So after the psalmist has answered the questions about God knowing us and being near to us, the question is, “How do I know you love me this much?”  And then God reveals his design for our bodies, in the dark secret place, the depths of the earth — figurative language for the womb — stressing the hidden and mysterious operations that occur there. The pregnant woman is a vehicle within whom God is at work on a human soul.  So here “dark and secret” are good places.  It is in God’s amazing laboratory of the thousands of miles of veins and ventricles, and muscles that he forms us in our mother’s womb, for we are fearfully and wonderfully made.  The frame is the foundation of the body, the bone and muscular system.  For we are intricately wrought; and the Hebrew word here actually means “embroidered” or woven together.   I have the great pleasure of watching quilters and knitters and crochet folks get together here at our church, many from our own Chancel Guild.  Some are creating banners, others prayer shawls for our hospice members, some knitting little caps and outfits for our children in Mexico, some simply producing amazing works of art with intricate detail and color.  And I think of God creating and embroidering each one of us at birth — the color of our eyes, our skin, our hair, endowing us with a brain, and long, slender fingers to play instruments — others with long frames to play sports, still others with large hearts to offer compassion, and listening ears to hear the needs of others.  Whatever way we are made, we are very special to God, for our DNA and our genetic bonding make us one of a kind, every one of us unique.  And God knew us before we were born; he beheld our “unformed substance.” Here the Hebrew word means, “rolled up substance” .  Many theologians suggest this is the embryo waiting to reveal God’s glory in creation, for he already knows us and he knows the calendar of our days before we live them, but is allowing us the free will to live them out.  

We cannot possibly come up with a human design on our own, although we’ve tried many times. Scientists are continually working on their own models to conceive new horizons in anatomy and function.  But no matter how much we try, God’s design is always perfect, intricate, and too wonderful for words.  Dr. John McIntyre of Texas A &M University noted that the thing that impressed him most about the Christian faith was the fact that the Bible was the same kind of cohesive system as nature — that the more one examines the Bible, the more complex it appears, and the deeper and more unfathomable are its thoughts.  Consider the following from two other scientists, Clayton and Jansma:

“We now know that a single cell with a nucleus is the microscopic equivalent of an entire high-tech, industrialized city.  It is surrounded by a wall armed with a tight security system, selectively allowing raw materials to enter and manufactured products to leave.  The city contains a factory in production around the clock, tied to a trillion other similar factories by a mysterious communications network that dictates repair schedules and keeps track of all inventory.  A special library within each city is filled with detailed blueprints for every piece of machinery and maintenance equipment it uses.  In living organisms, this information includes every minute characteristic of the organism.  Directions for all this activity are encoded in DNA, the genetic material of each cell, which is wound into the shape of a double helix within the microscopically small nucleus.  Two meters of DNA can be found in every human cell, each packaged with 46 chromosomes in an infinitesimal nucleus.”  When you hear the words, “fearfully and wonderfully made,” do you ever consider the details of what God has created?
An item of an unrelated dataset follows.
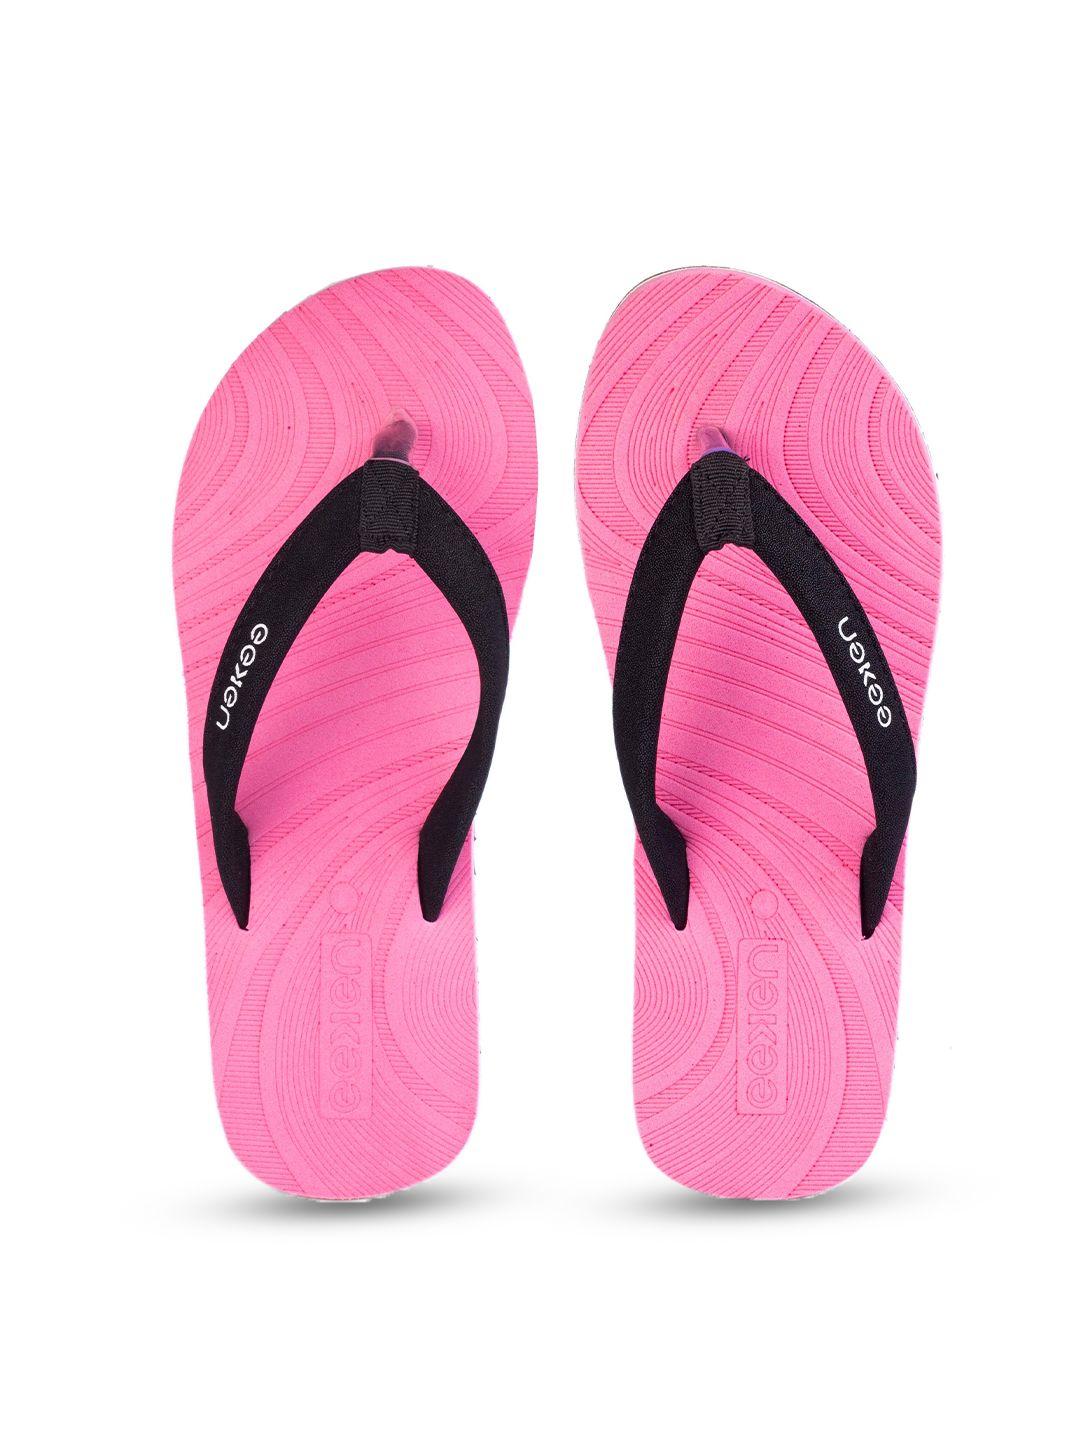 paragon eeken women rubber anti-skid lightweight thong flip-flops

So what happens when we get to the ends of the earth, when we’ve discovered all the knowledge we think there is?  God is still ahead of us.  He is always ready to reveal even more of the sum of his vast universe — more than the grains of sand.  And even after this dream, this reverie, even if you come to the end of your wits, God is still more.  He knows all our thoughts, but we still cannot possibly comprehend God’s thoughts.  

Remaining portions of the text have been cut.